Arthur Villordon*, Simon Gichuki, Heneriko Kulembeka, Simon C. Jeremiah, and Don LaBonte
Africa represents a unique secondary site of genetic diversity for the sweetpotato [Ipomoea batatas (L.) Lam.]. Despite the genetic resources available for sweetpotato breeding and cultivar selection, regional conflicts and adverse weather in the last two decades have accelerated the risk of germplasm loss, particularly in East and Central Africa. A cooperative research project is currently underway to assess genetic diversity as well as help conserve sweetpotato germplasm in East Africa. One of the tools that are currently being used is a web-accessible GIS database that enables access to spatial and temporal data by project investigators and other stakeholders. Although proprietary methods are available for delivering GIS data through web interfaces, these methods often require expensive licensing agreements.
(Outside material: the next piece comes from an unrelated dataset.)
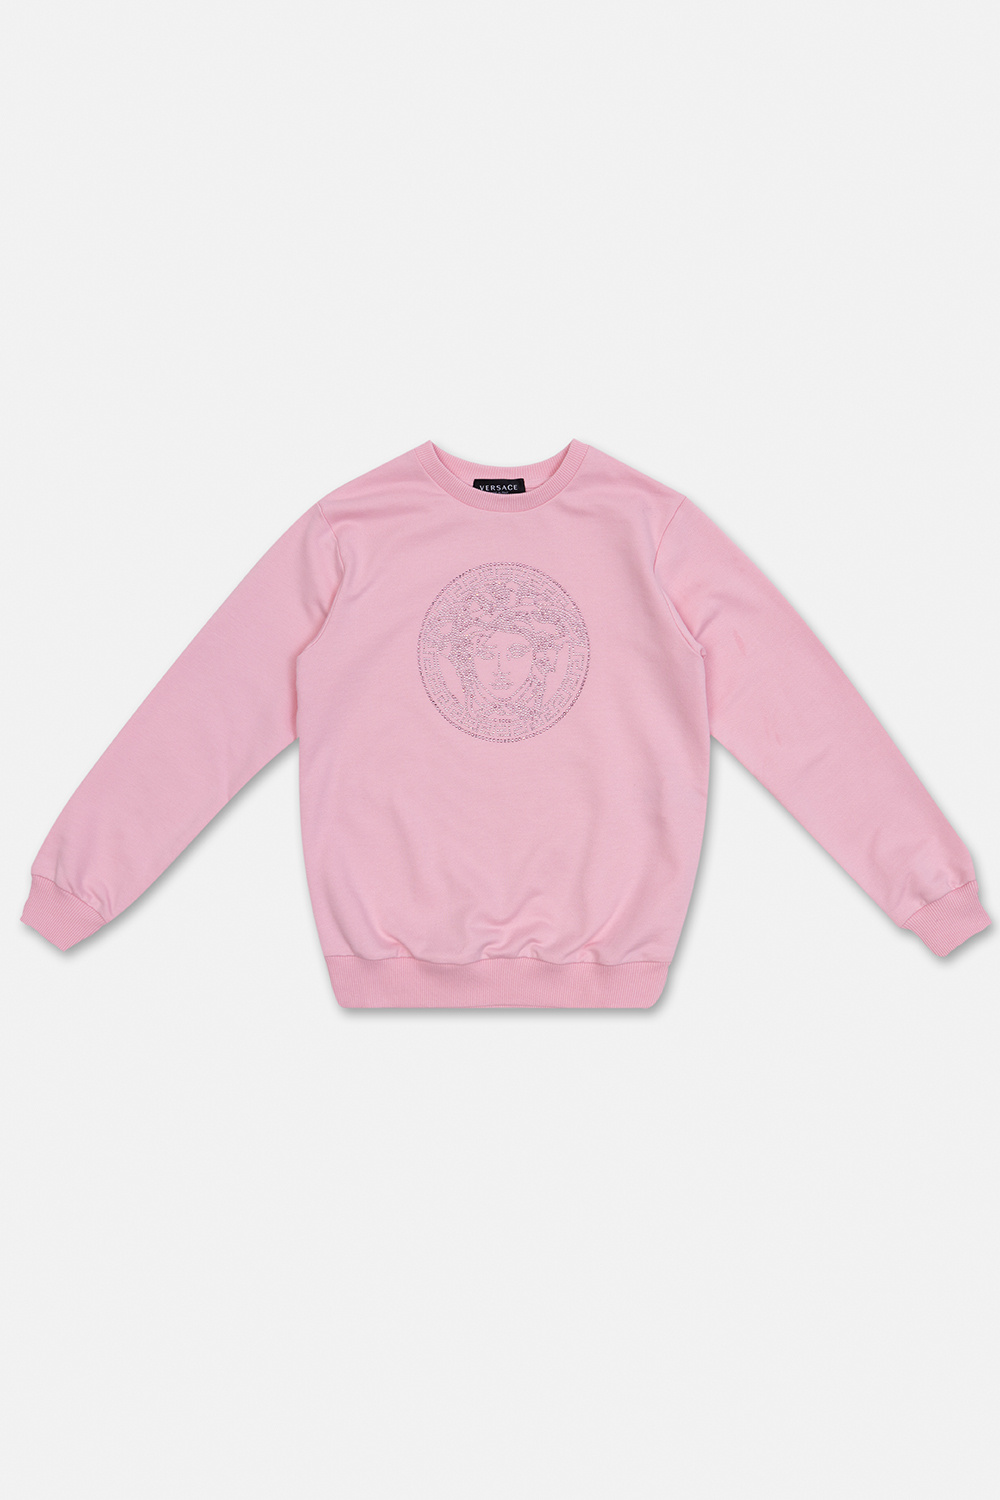 Versace Kids Easy to match to T-shirts or vests

The use of ALOV Map, a freely available Java® application for publishing vector and raster maps, along with basemaps and other thematic maps downloaded from publicly accessible web sites, helped provide the framework for a web-accessible GIS database. DIVA-GIS, a free desktop based GIS software was used to generate shapefiles as well as preview files prior to uploading. This demonstrates that the availability of publicly available software requiring minimal or flexible licensing costs provide a cost-effective alternative to institutions that are considering access to GIS databases via a web-accessible interface. We describe procedures, software, and other applications that we used to develop a publicly accessible web interface to a GIS database of sweetpotato germplasm collections in Kenya and Tanzania.